In practice, when we take all of these power expansions, we need to consider the tensorial transformation properties of the quantities we are considering, for instance: the Hamiltonian matrix, \(H_{\alpha\beta}\) is covariant, so taking a power requires that we raise the appropriate indices using the metric : \((H_{\alpha\beta})^n=(H_{\alpha\gamma}S^{\gamma\delta})^{n} S_{\delta\beta}\). In practice we can do this in one of two ways, either invert the metric / overlap matrix \(S^{\alpha\beta}=(S_{\alpha\beta})^{-1}\) and multiply by the Hamiltonian to give a Hamiltonian matrix in the natural representation (contra-covariant) or solve an approximate problem in the style of Haydock et al [Gibson1993]. We then need to store the mixed contra-covariant Hamiltonian matrix, which we choose to represent in the sparsity pattern suggested by Haydock et al. This is the covariant Hamiltonian matrix sparsity pattern by default, but the user may specify an optional argument to effectively increase the interaction regions of this sparsity pattern with respect to the covariant case.

More information on our method may be found in [Aarons2018].

Setting up a Calculation

The most important thing to understand firstly is that this method is probably only sensible for large metallic systems. If your system has a band-gap, it would be wise to explore standard insulating ONETEP (LNV) first. This method should still work, but LNV ought to be much faster.

The calculation should perform EDFT as the electronic minimiser. Please set

EDFT : T

in your input file. As you will be performing a finite electronic temperature calculation with the Fermi-Dirac occupancy distribution function, it would also be wise to choose an electronic smearing (temperature). The default value is 0.1 eV, which may well be sufficient in your case. Please bear in mind that with FOE enabled, unlike with EDFT with diagonalisation the calculation is likely to be faster with higher electronic temperature. Depending on the property you wish to probe, you may get away with a higher temperature, but it is very unlikely that the smearing should be above 1.0 eV. Set the smearing as

EDFT_SMEARING_WIDTH : 0.25 eV .

You may also at this point wish to set some EDFT stopping criteria, as the defaults are likely to be too tight for EDFT with FOE. It is possible to tweak the FOE options to get under tight thresholds, but at the expense of reduced performance.

EDFT_FREE_ENERGY_THRES : 1e-5 Ha
EDFT_COMMUTATOR_THRES : 1e-4

should be quite realistic in most cases and will certainly serve as an adequate starting point.

The number of extra bands parameter in EDFT should always be set to the maximum, which is done by setting:

EDFT_EXTRA_BANDS : -1

This should be sufficient for the EDFT part of the calculation, next we will need to configure the FOE. Firstly, please enable it in your calculation with

FOE : T

This alone will perform a FOE calculation as we have described in this document, but unless you have already set a kernel truncation, then your density kernel matrix will be dense and you might as well just run a normal EDFT calculation with diagonalisation. One possible exception to this is if you do not have access to Scalapack or a ONETEP binary compiled against Scalapack, or your Scalapack distribution is poorly optimised or broken. In this case it may still be preferable to avoid the diagonalisation.
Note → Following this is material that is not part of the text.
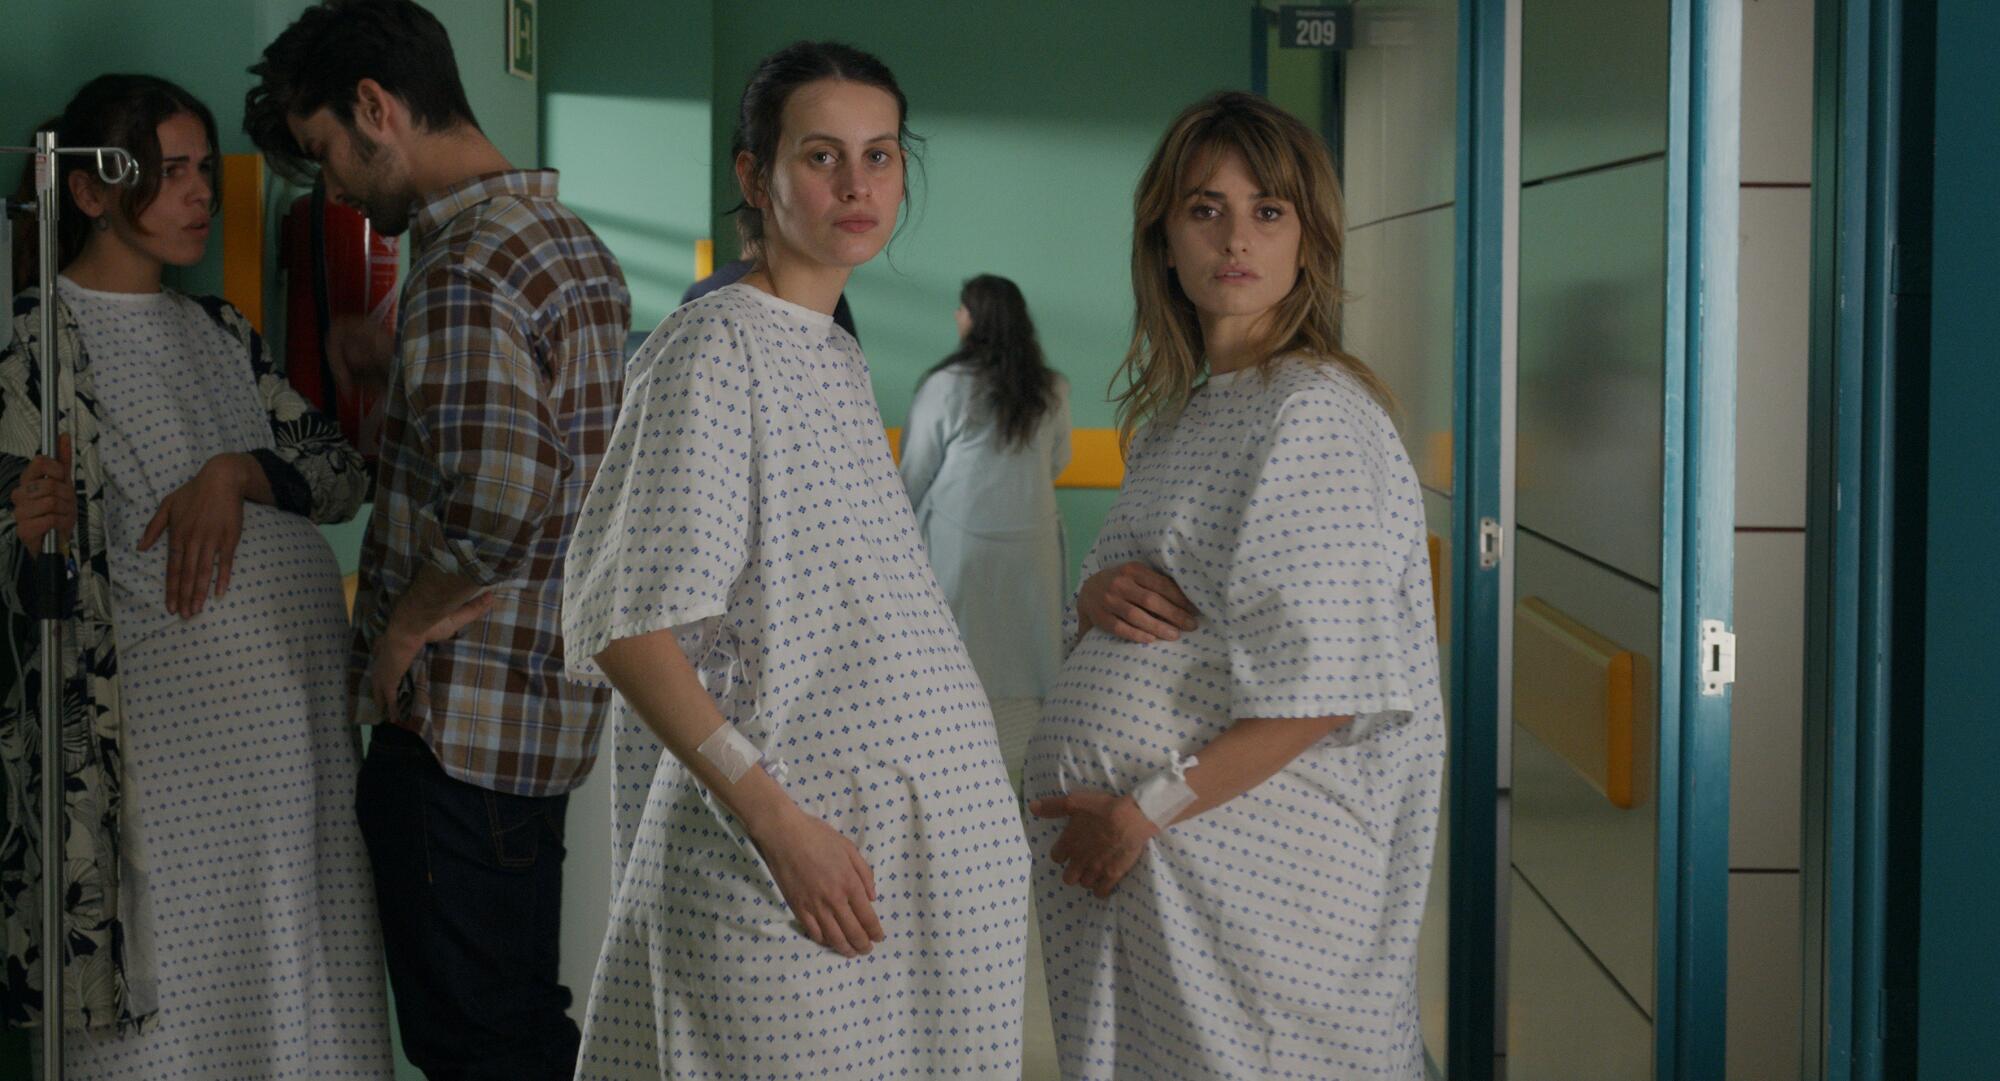 Two pregnant women in hospital gowns in a hospital

To achieve some sparsity in the density kernel matrix, we have various options and strategies.

Just to use a geometric kernel truncation:

Here we enforce a simple sparsity pattern on the density kernel matrix by ensuring that matrix elements resulting from NGWFs on atoms separated by a large enough distance are zero.
```
kernel_cutoff : 20 Ang
```
a larger value will result in a more accurate answer, but also give a less sparse matrix which will have performance implications. This parameter is material-dependent and you are encouraged to play with it to find a happy medium.
Use a sparsity pattern inspired by the power series expansions which we use extensively in the FOE methods. The FOE method is based on the idea that we only need a finite number of terms in the power expansion to get sufficient accuracy. In the same spirit, we can truncate the expansion to give a sparsity pattern of the density kernel matrix as a low order power of the Hamiltonian matrix. In ONETEP, this can currently be set to be the squared power by using:
```
H2DENSKERN_SPARSITY : T
```

If you opt for the second option, then the quadratic order term in the expansion may not be a sufficiently accurate sparsity pattern to achieve the accuracy you were hoping for, but higher order powers are likely to be too dense to be useful and are not exposed to the user. Instead to reach your desired tolerances, we recommend you consider using the radius multiplier option.
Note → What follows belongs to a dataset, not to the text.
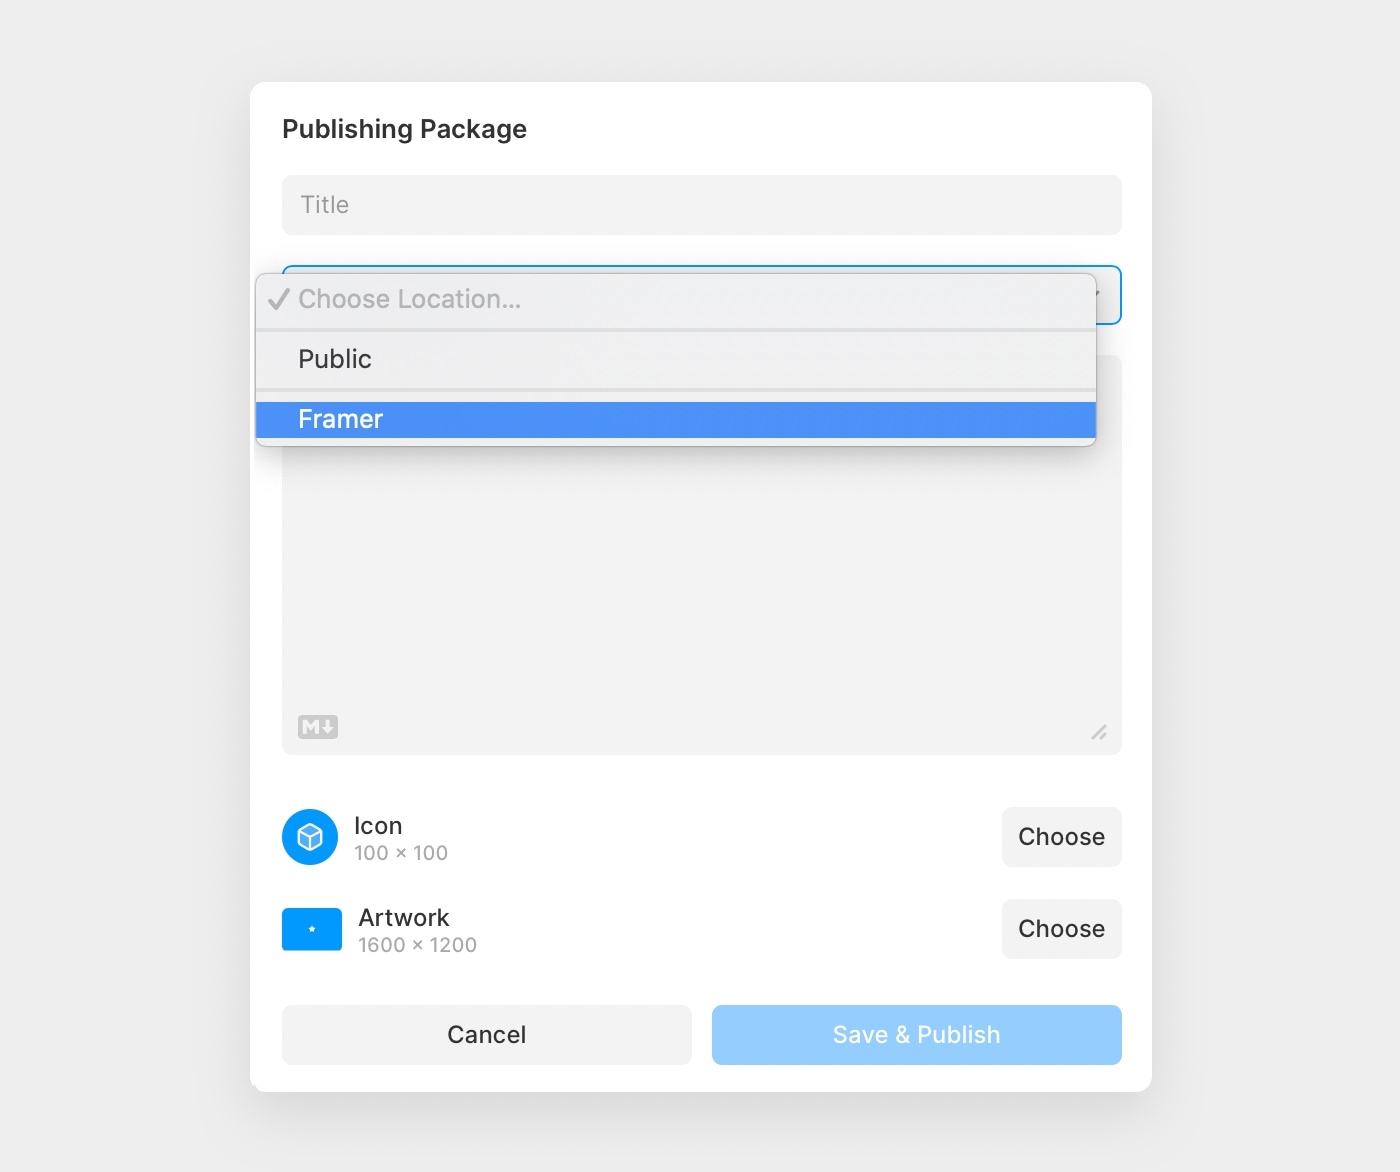 A publish modal that allows users to publish a Framer package

This option extends the effective range of the Hamiltonian matrix (when represented in contra-covarient, mixed form (as described above) and the density kernel matrix is formed from the square of this increased range matrix. The option is given in terms of a multiplier, which multiplies the NGWF radius to produce the resulting sparsity patterns. This option increases accuracy at the expense of performance and it is up to you as a user to find an appropriate value. A starting point may be around 1.2 to 1.5 times:

CONTRACOHAM_RADMULT : 1.2

It is worth pointing out here that you must also ensure your calculation is converged with respect to plane wave kinetic energy cutoff and NGWF radius, as well as number of NGWFs per atom. If you do opt for Hamiltonian matrix squared sparsity in the density kernel matrix, however, you will find that NGWF radius plays a particularly big role in the accuracy of your calculation. This is because it is effectively the parameter which controls the sparsity of your density kernel in this mode. Increasing the radius multiplier will be cheaper (to an extent) than increasing the NGWF radii, but you should make sure that your NGWF radii are sufficient first!
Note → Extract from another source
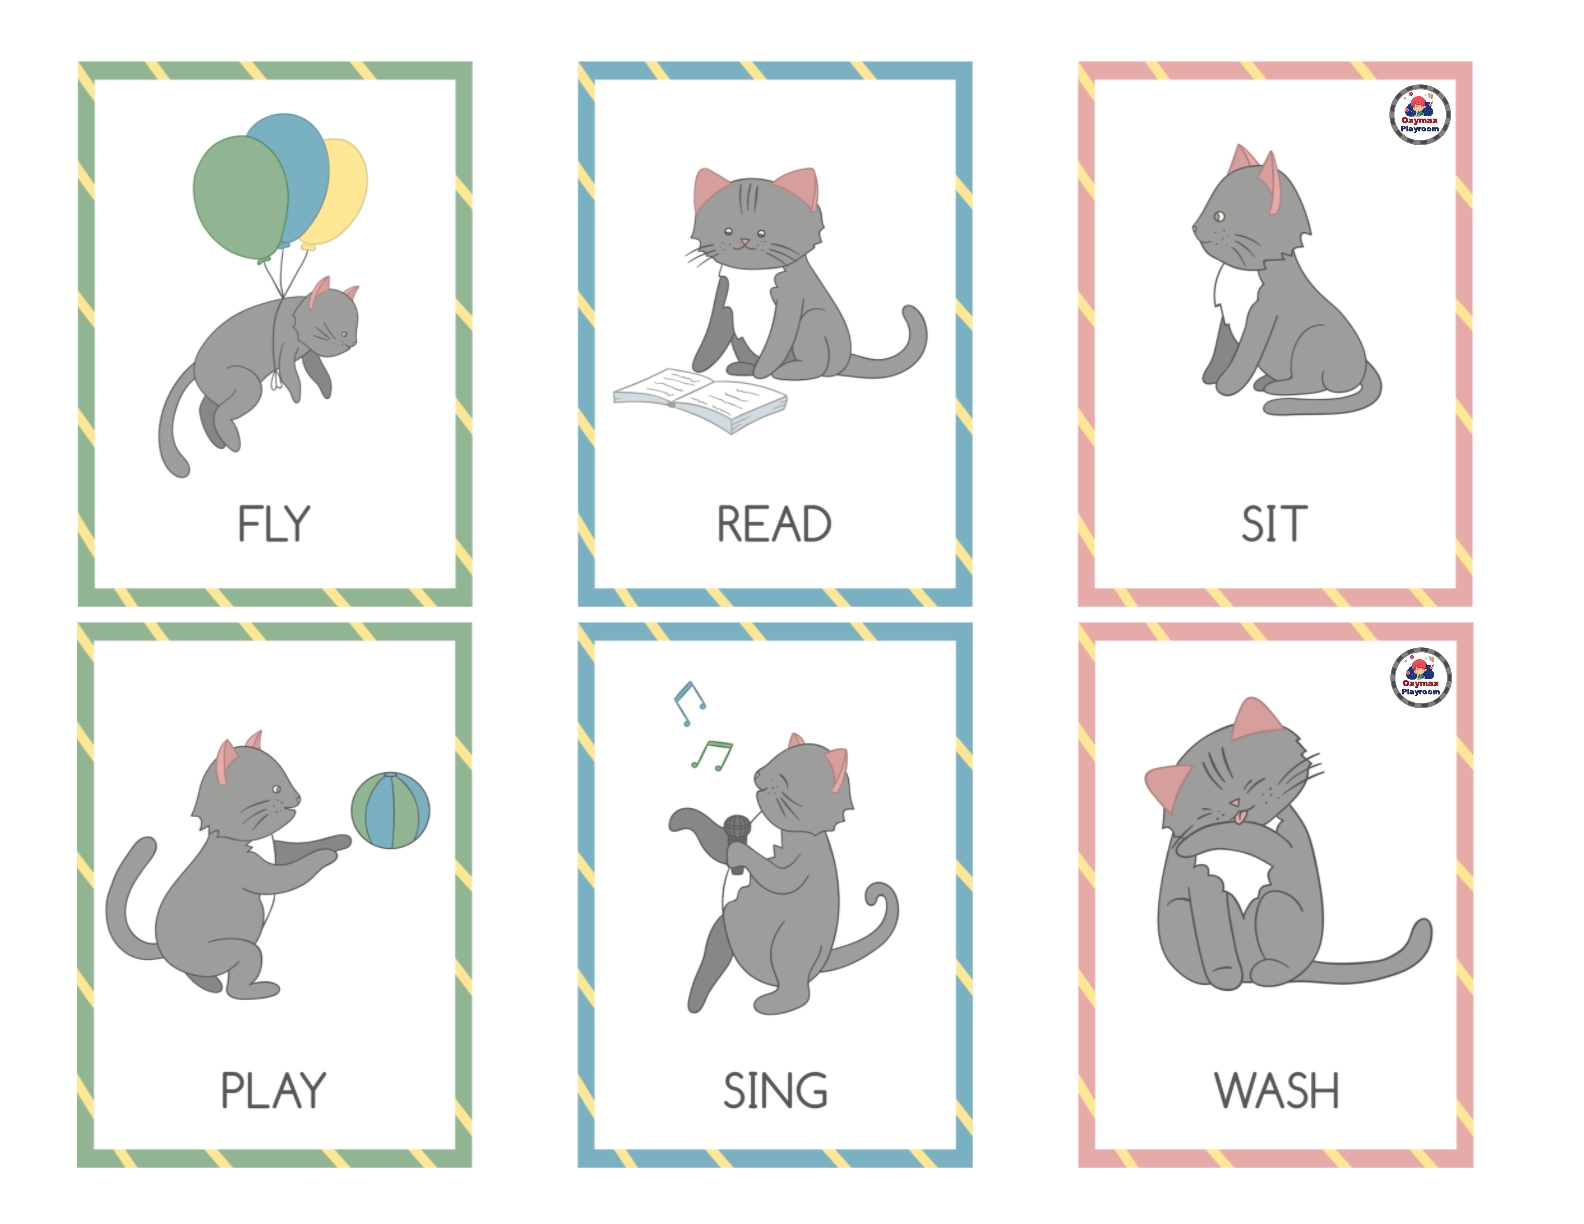 Free verb flashcards for kids

The final parameter which is important to achieve your tolerances is the \(\mu\)-tolerance in the chemical potential search. In practice this should be at least an order of magnitude smaller than your EDFT energy tolerances. You may find that you can improve the performance of your calculations by adjusting this, but you will find that the gains will be minor, because the number of extra matrix multiplications near to convergence is minimal compared with the number far from the correct chemical potential. This is set as:

FOE_MU_TOL : 1e-6 eV

Beyond this, there is little else to know, from a user perspective about performing FOE calculations in ONETEP. A general point is that these calculations tend to be expensive. If you are running a metallic system which is big enough to exhibit exploitable sparsity in its density kernel matrix, then you are probably looking at a system with thousands of atoms. In this case you will need to be running on a supercomputer and using a parallel version of ONETEP with as many cores as you can use.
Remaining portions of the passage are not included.